Renal dysplasia is a congenital kidney disease that results abnormal differentiation of cells of the developing kidney. Dysplastic kidneys are smaller than normal kidneys and contain cysts and abnormal renal tissues. This causes impairment of the renal functions, which may require medical intervention.

Development of the Genital System

The male and female genital system develop from the same primordial structures which are difficult to differentiate, and according, the early stages in the development of the male and female genital systems are referred to as the indifferent stages, where it is impossible differentiate between a male embryo and a female embryo on the basis of the appearance of the developing genital structures. Depending on the type of sex chromosomes, the primordial genital structures develop into either male genital organs or female genital organs. In both males and females, the genital system develops from primordial gonads and two sets of tubular structures known as the Wolffian ducts (mesonephric ducts) and the Mullerian ducts (paramesonephric ducts).

Development of the Male Genital System

The first indication for the embryonic development of the gonads is the formation of the gonadal ridge, which has identical features in both male and female embryos. There is a pair of ridges, one on either side of the body. The ridges differentiate into testes in male embryos influenced by the SRY (sex-determining region on Y) gene of the Y chromosome; in female embryos, in absence of the Y chromosomes and its SRY gene, the gonadial ridges differentiate into ovaries. It is to be recalled that genetic sex determination takes place at the time fertilization depending on whether the fertilizing sperm bears an X or a Y sex chromosome. It is the Y chromosome that determines the differentiation pathway of the gonadial ridge. In the early stages of the embryonic development, it is not possible to tell whether the gonadial ridge is developing into a testis or into an ovary; the developing gonad at this stage is referred to as the indifferent gonad.  

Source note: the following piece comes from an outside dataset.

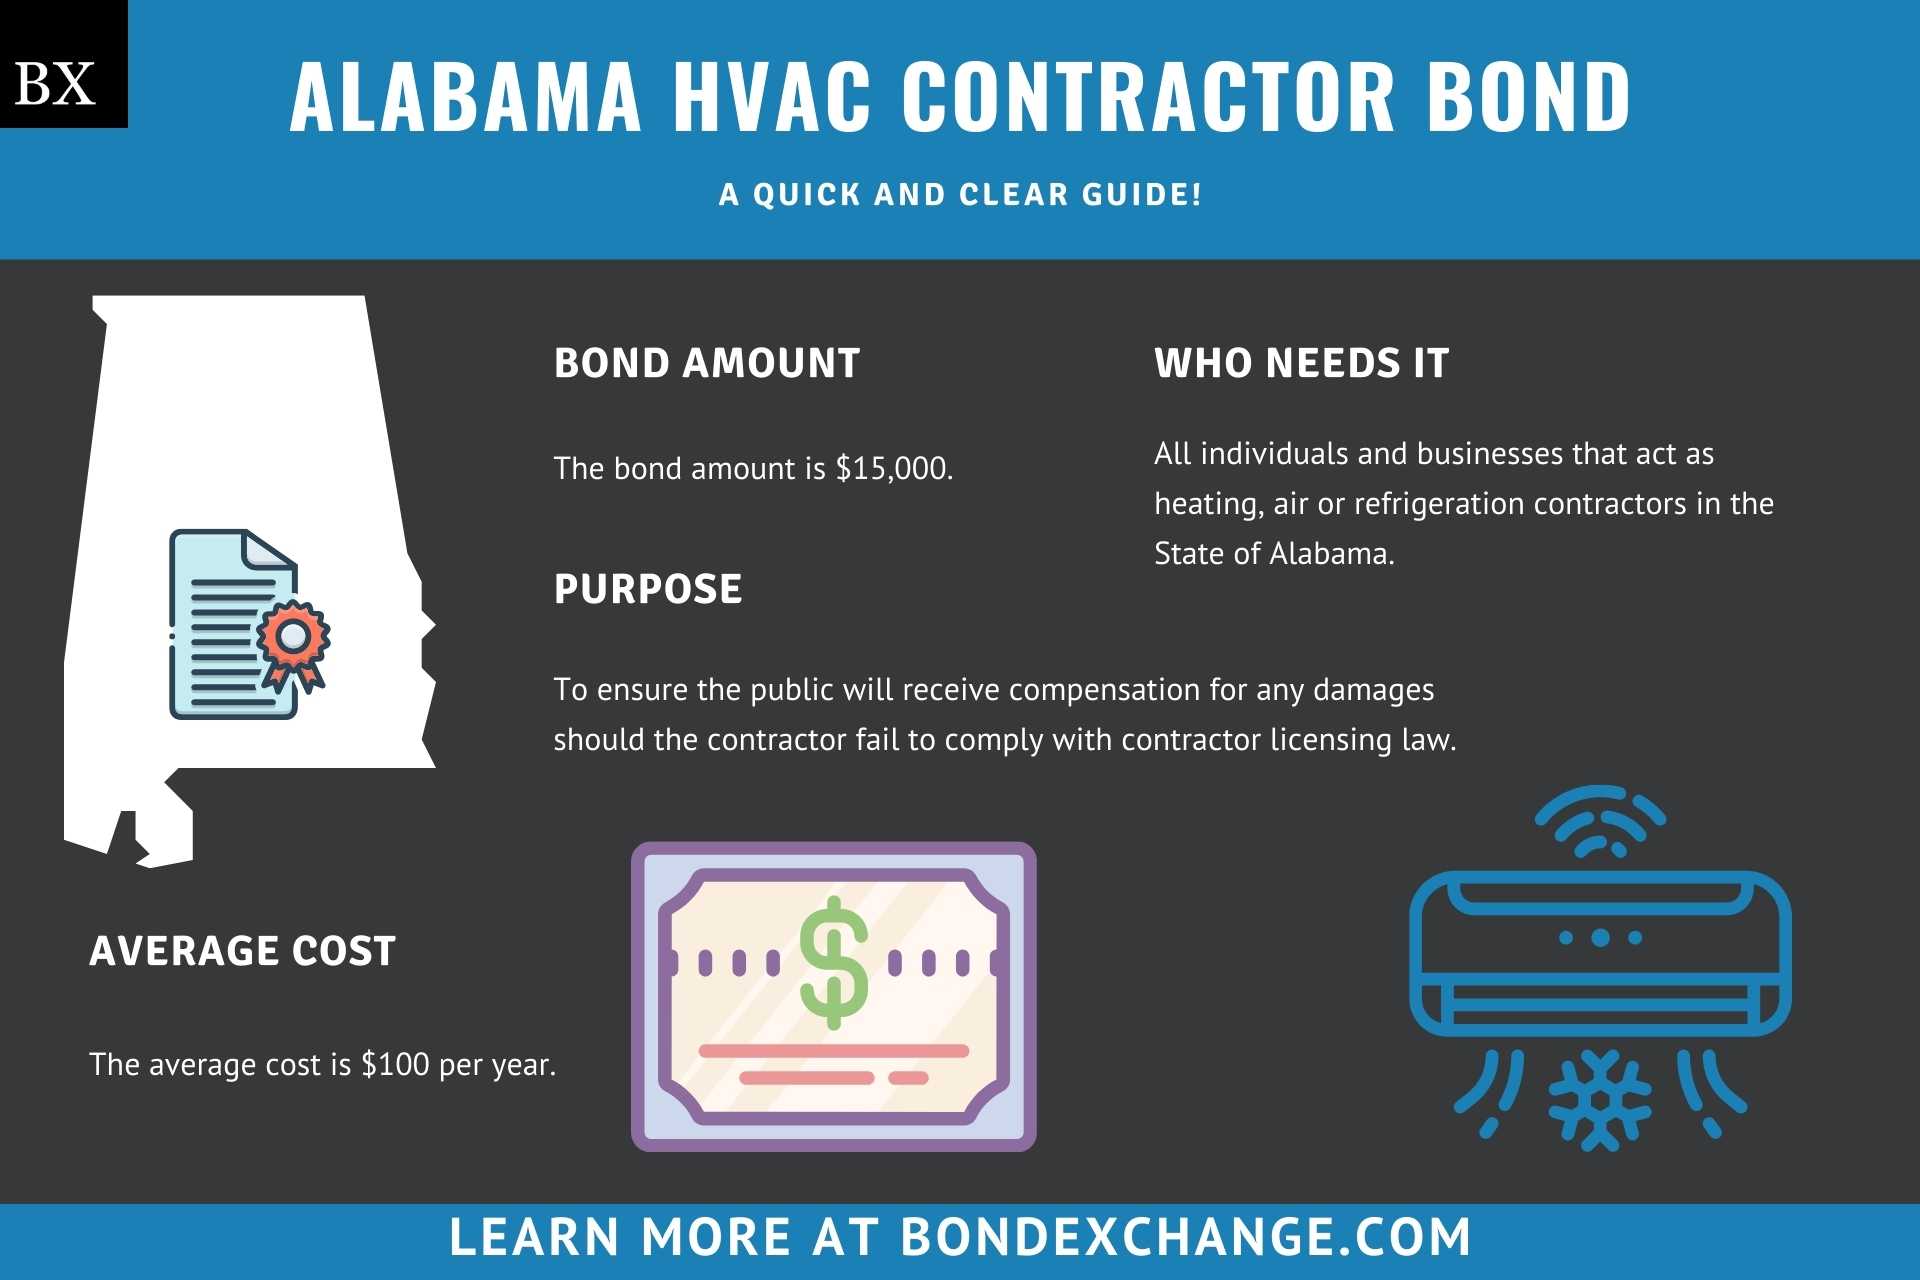 Alabama HVAC Contractor Bond
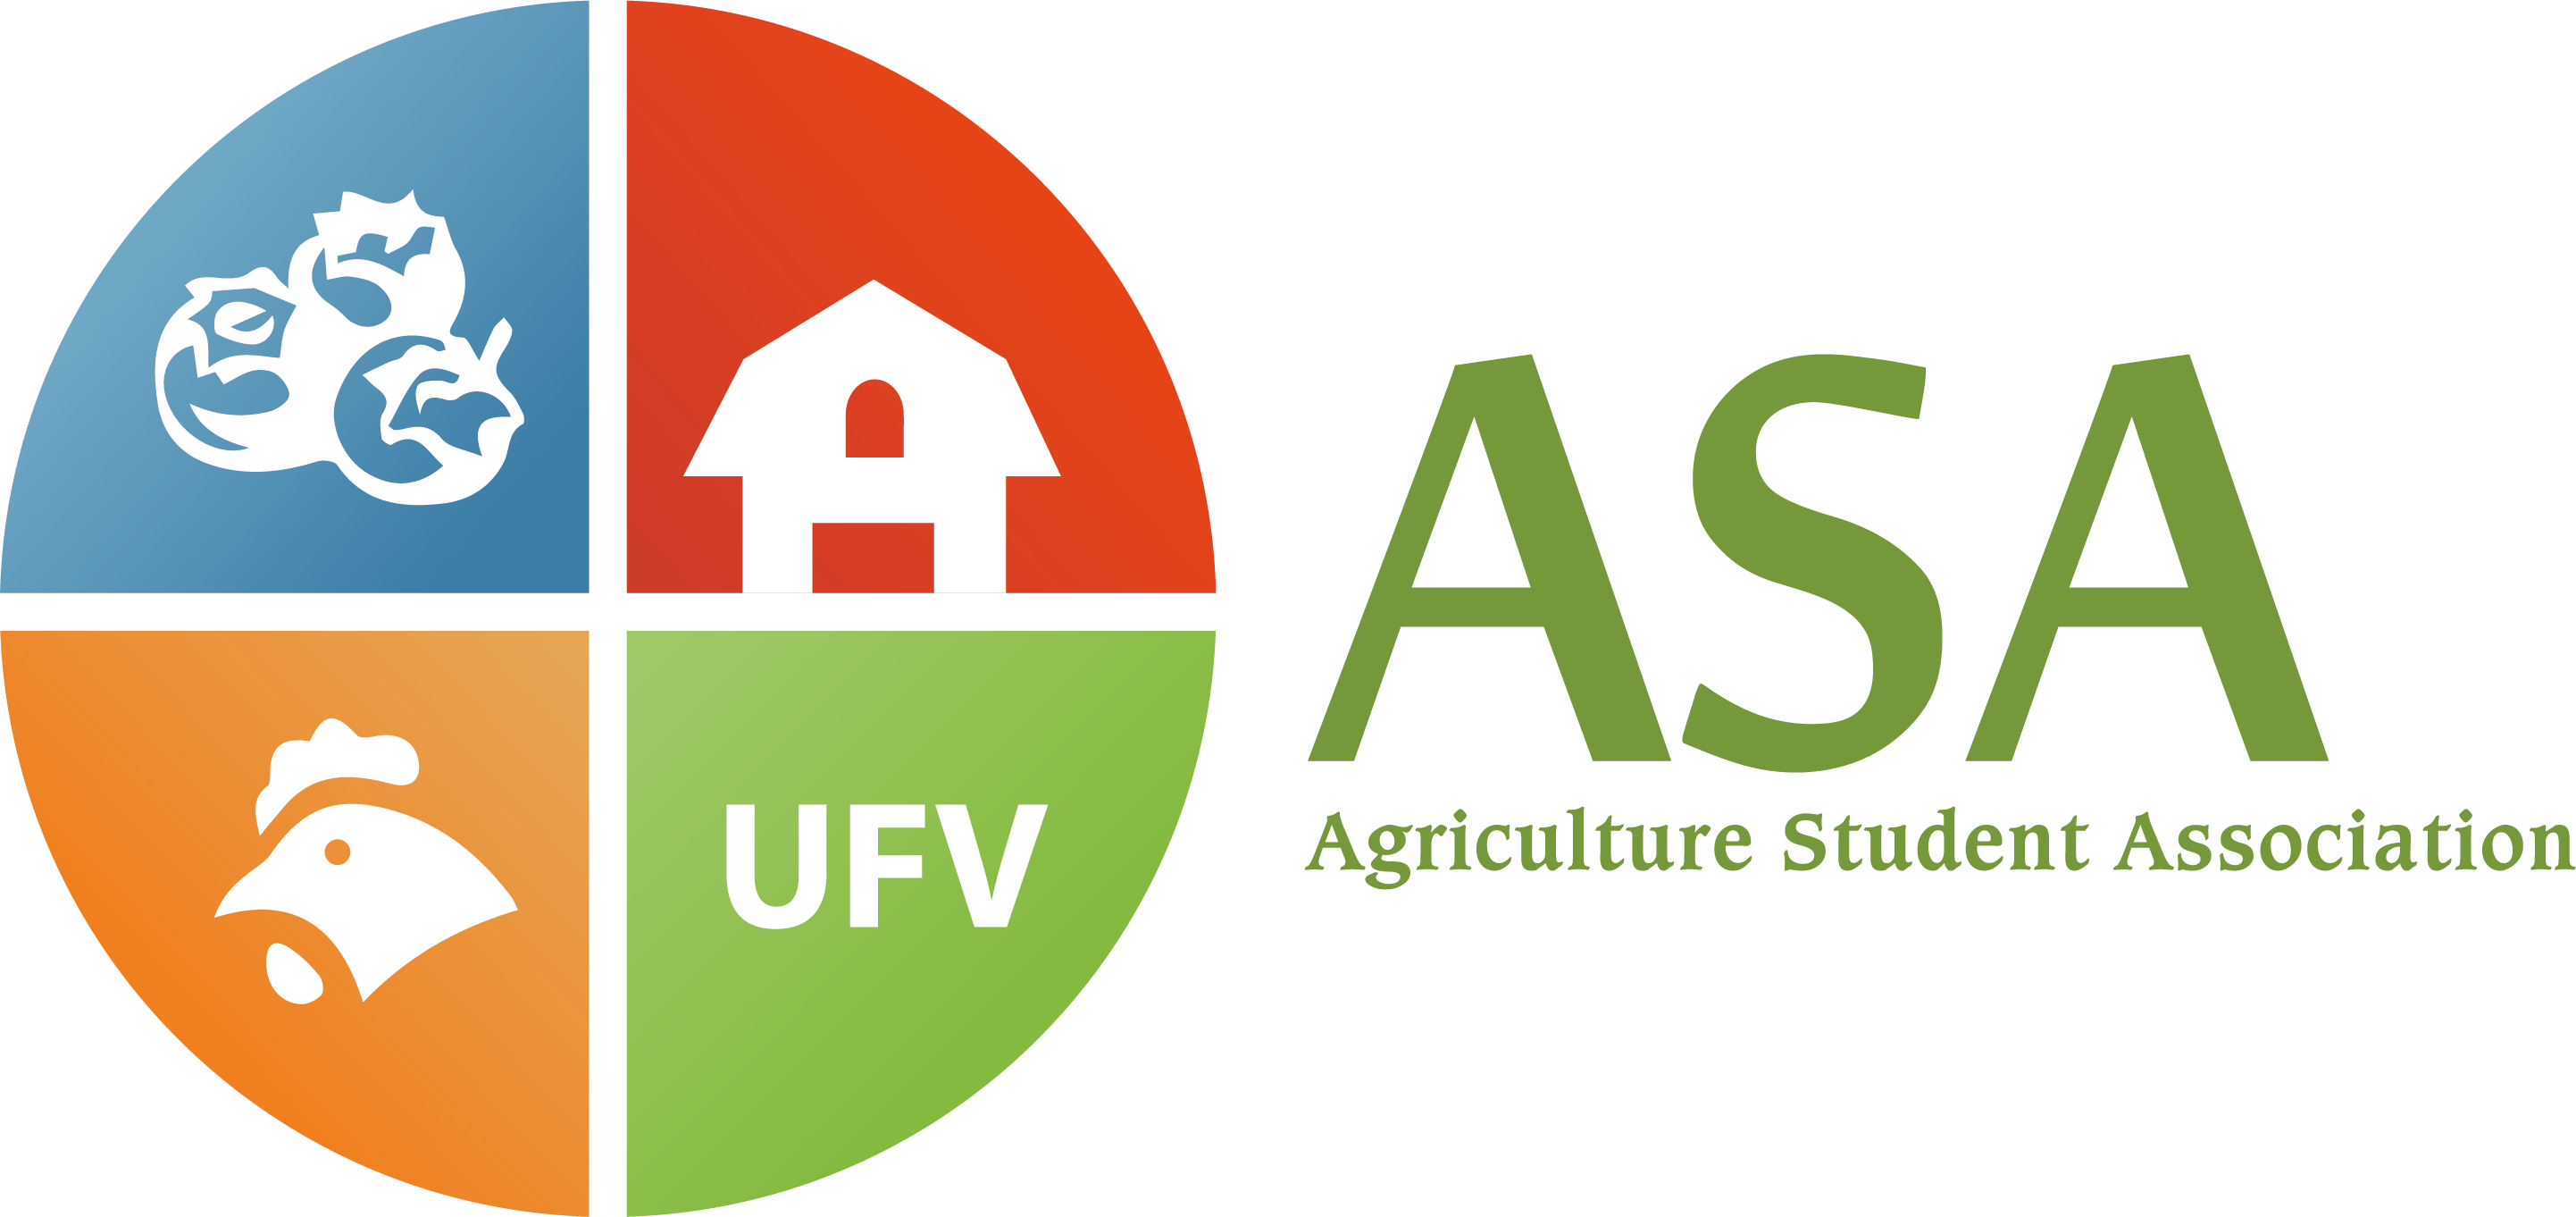 UFV Agriculture Student Association

In the early stages of gonadal development, primordial germ cells migrate from the splanchnopleure of the yolk sac along the allantoic stalk to the gonadal ridges. Concurrently, supporting cells of the gonadal parenchyma differentiate from the coelomic epithelium and gonadal mesenchyme. The gonadal ridge is bipotential; it can develop into either a testis or an ovary. Several factors are involved in early development of the gonads; they include sine oculis homeobox (SIX), paired box gene (PAX), neuregulin (NRG), and homeobox gene 9 (LHX9). In the 7^th week of embryonic development, the SRY gene of the Y chromosome begins to express itself, determines the direction of the gonadal development by triggering the development of the testis. In the absence of such a trigger, the indifferent gonad develops into an ovary. In the developing testis the gonadal medulla develops into the seminiferous tubules and the gonadal cortex degenerates. The opposite occurs in females where the ovarian follicles develop in the gonadal cortex, leaving the medulla devoid of ovarian follicles.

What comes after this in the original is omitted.